Dive Brief:
- Micromobility company Skip filed a petition for Chapter 7 bankruptcy last week, a move that means it will sell off all its assets to pay its debts.
- Skip filed the petition in the United States Bankruptcy Court for the Northern District of California with Mohit Wadhera, its former chief technology officer, listed as the authorized representative of its debtor. A meeting for Skip's creditors is scheduled for Sept. 8. The company says in its petition it has liabilities worth between $10 million and $50 million, and assets worth $50 million to $100 million.
- This petition marks the first bankruptcy filing by a well-known scooter company with a footprint in multiple cities. The move also comes after Helbiz acquired Skip late last year, with Helbiz saying at the time that it intended to expand Skip's brand, technology, operations team and shared scooter fleet as part of its own global expansion strategy.
Dive Insight:
Other notable bankruptcies in the micromobility sector include Unicorn, which pledged to sell customers a personal scooter at $655 each, but did not deliver on that promise and went bust in 2019. Last year, electric skateboard company Boosted also went defunct and saw much of its assets acquired by Lime.

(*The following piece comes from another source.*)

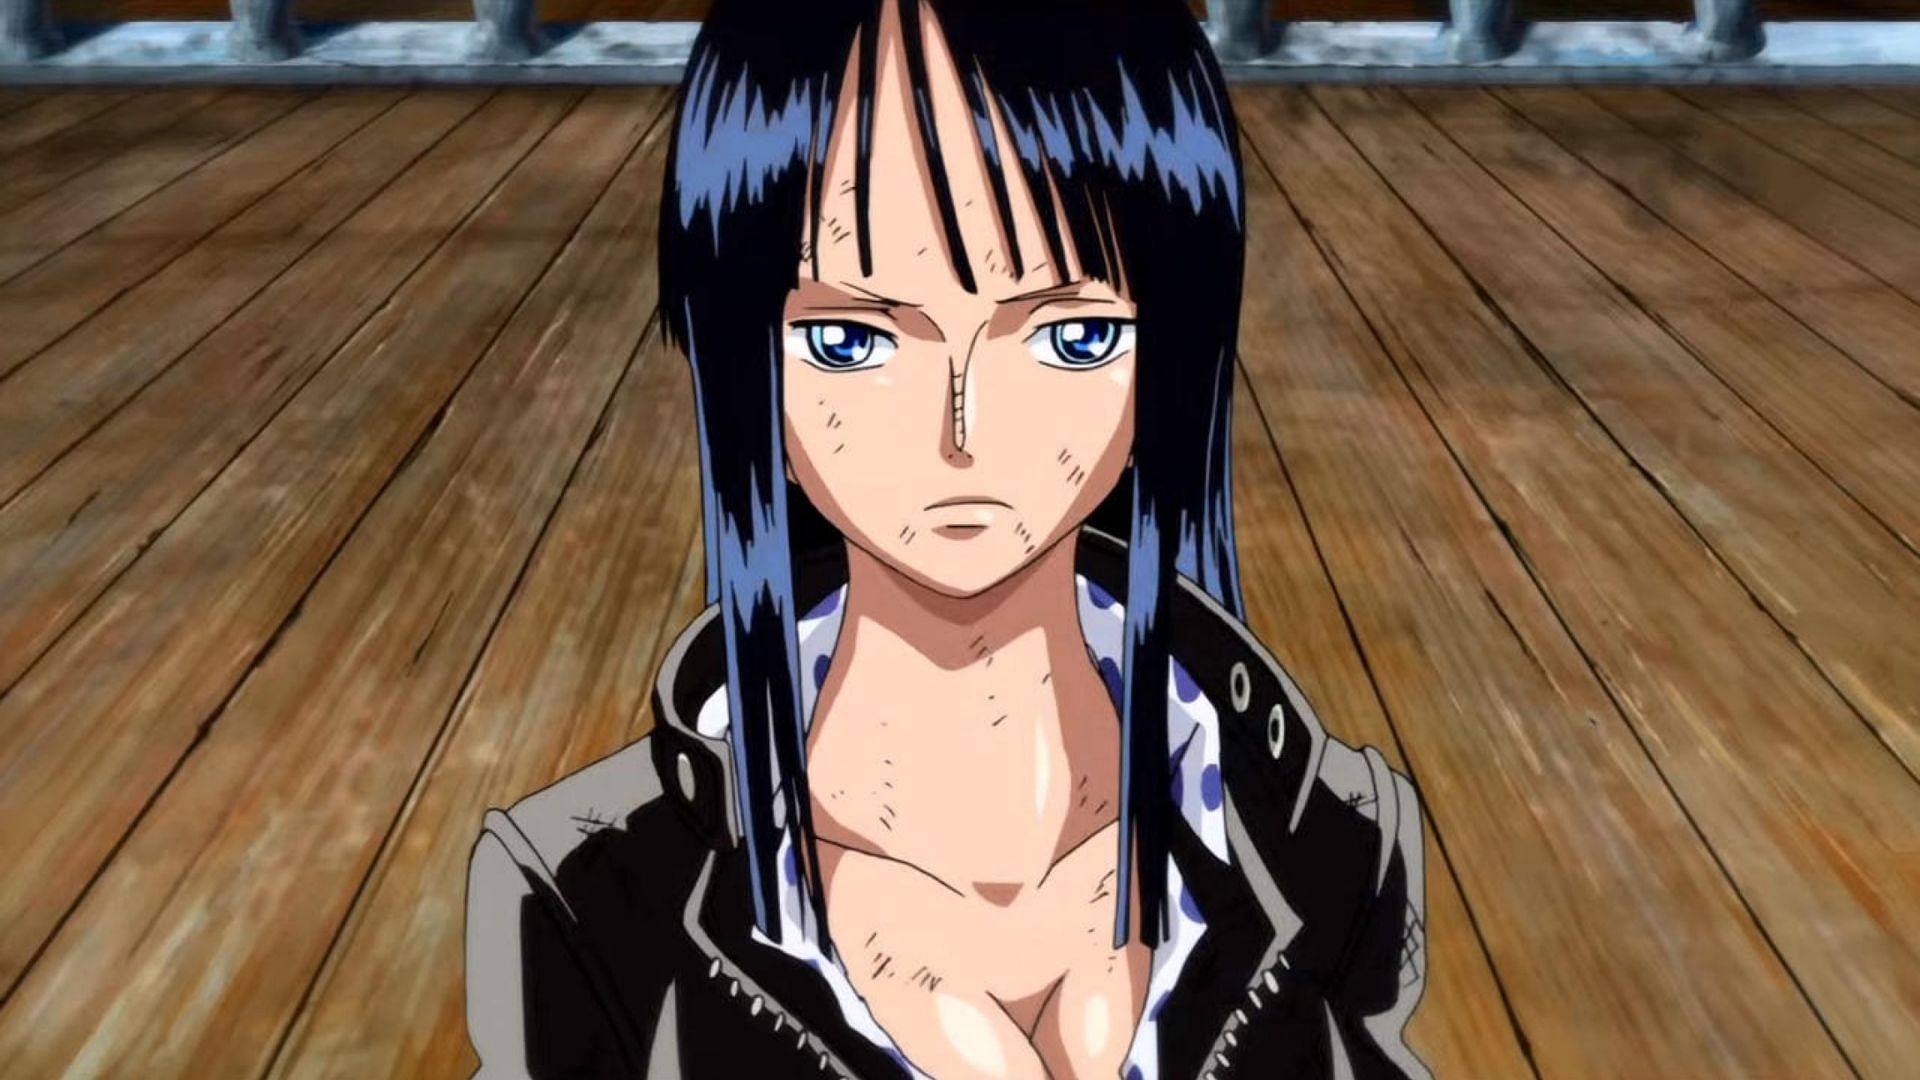 Nico Robin as shown in One Piece anime (Image via Toei Animation)

Chapter 7 bankruptcy means Skip's assets will be liquidated to pay off its creditors, but that process may take some time. Both Skip and Helbiz did not respond to repeated requests for comment. As of Monday, scooters were not available in the app in San Francisco or Sacramento, while they were still available for rent in Jacksonville, Florida; Miami; Oklahoma City; Washington, D.C.; and Waterloo, Iowa. A Smart Cities Dive reporter saw Skip scooters still on the streets of Washington, D.C. on Monday morning.
The company is represented in its bankruptcy proceedings by Robert Harris, an attorney at Binder & Malter LLP, which describes itself as "a Silicon Valley law firm specializing in the areas of bankruptcy, insolvency, and debtors' and creditors' rights." Harris did not respond to requests for comment.

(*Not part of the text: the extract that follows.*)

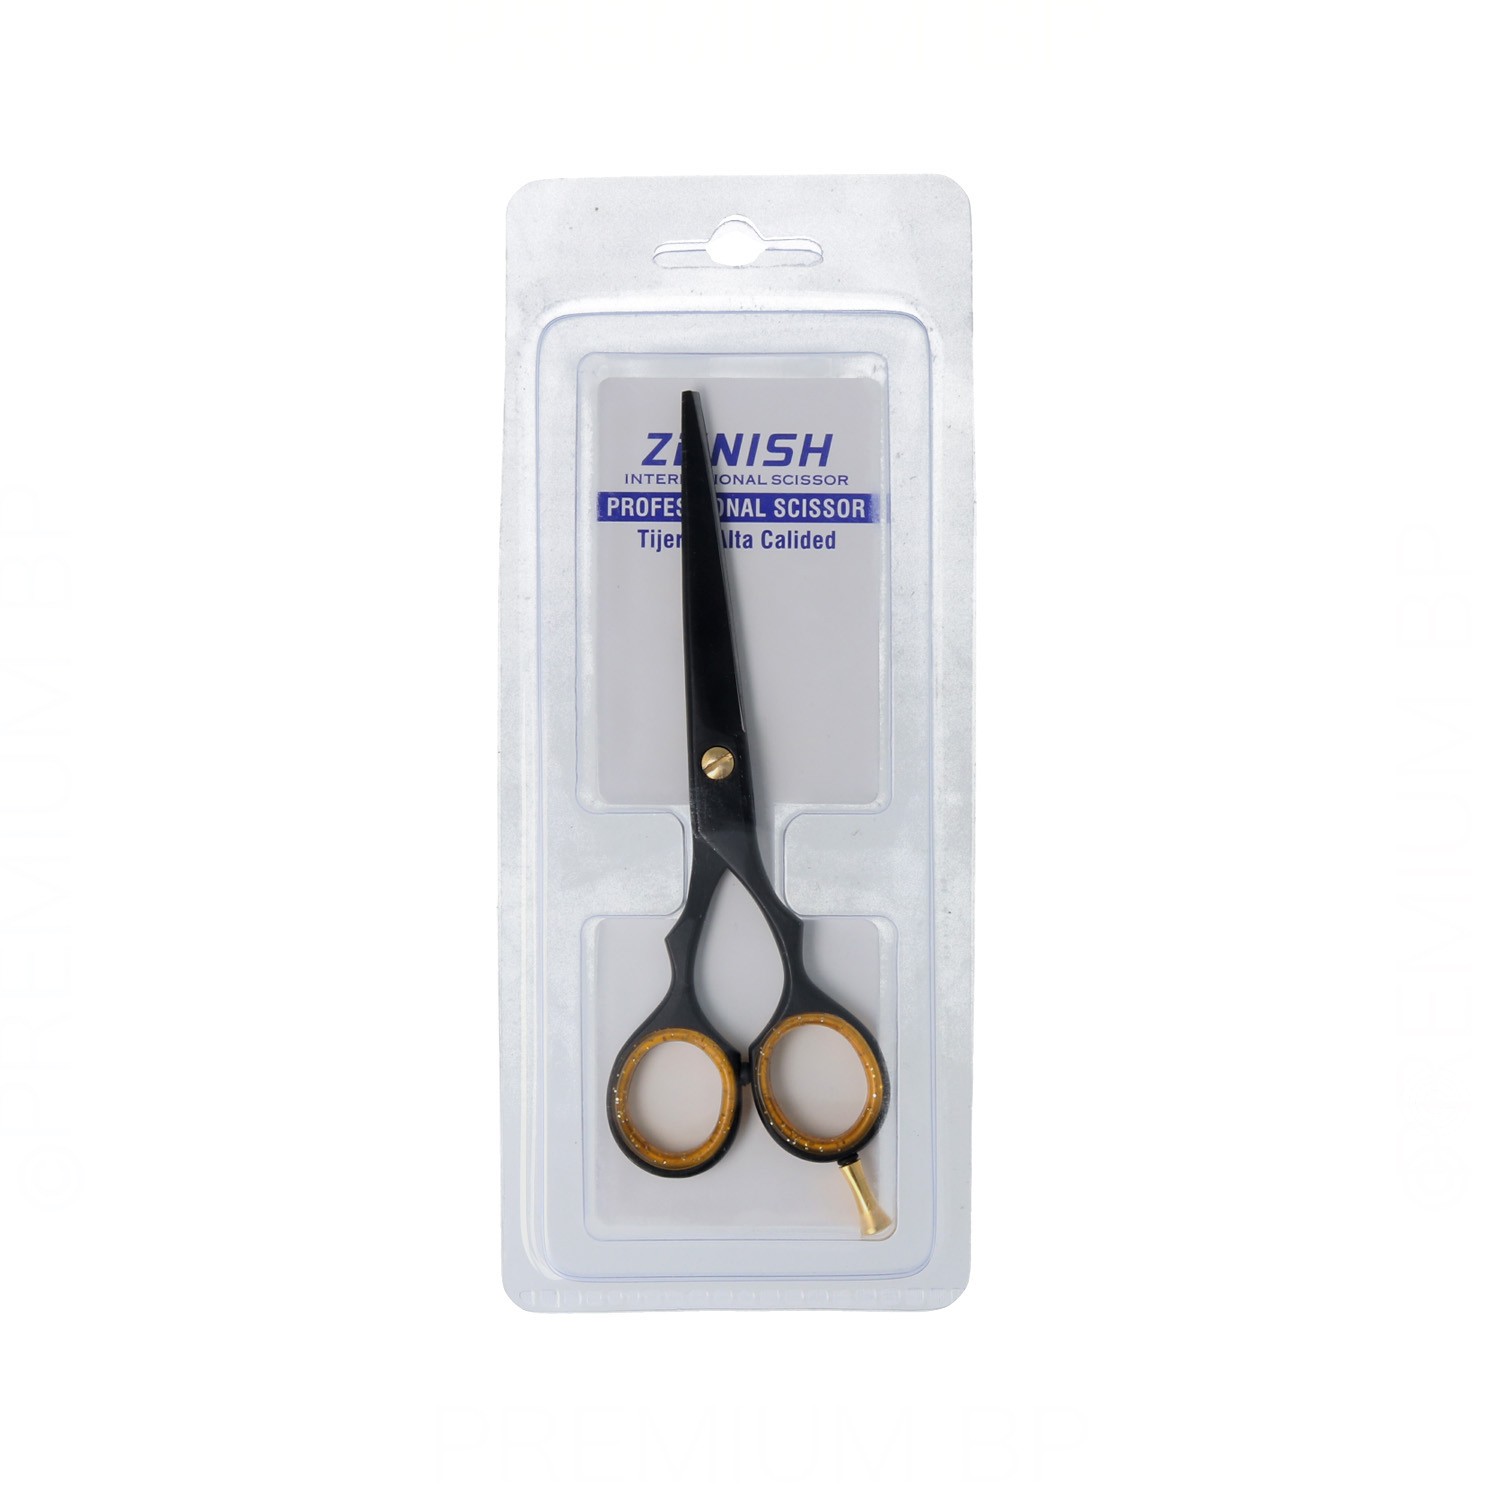 Zenish Professional Scissors Metal Black/Yellow 6"

At the onset of the coronavirus pandemic, there were questions about whether scooters would survive. But the majority of those fears appear to have been confounded as micromobility companies have stayed in cities and some look to increase their offerings. Bird is set to go public on the New York Stock Exchange in the second half of this year and said that will enable it to move beyond scooters, while Lime has already flexed its muscles by unveiling shareable mopeds.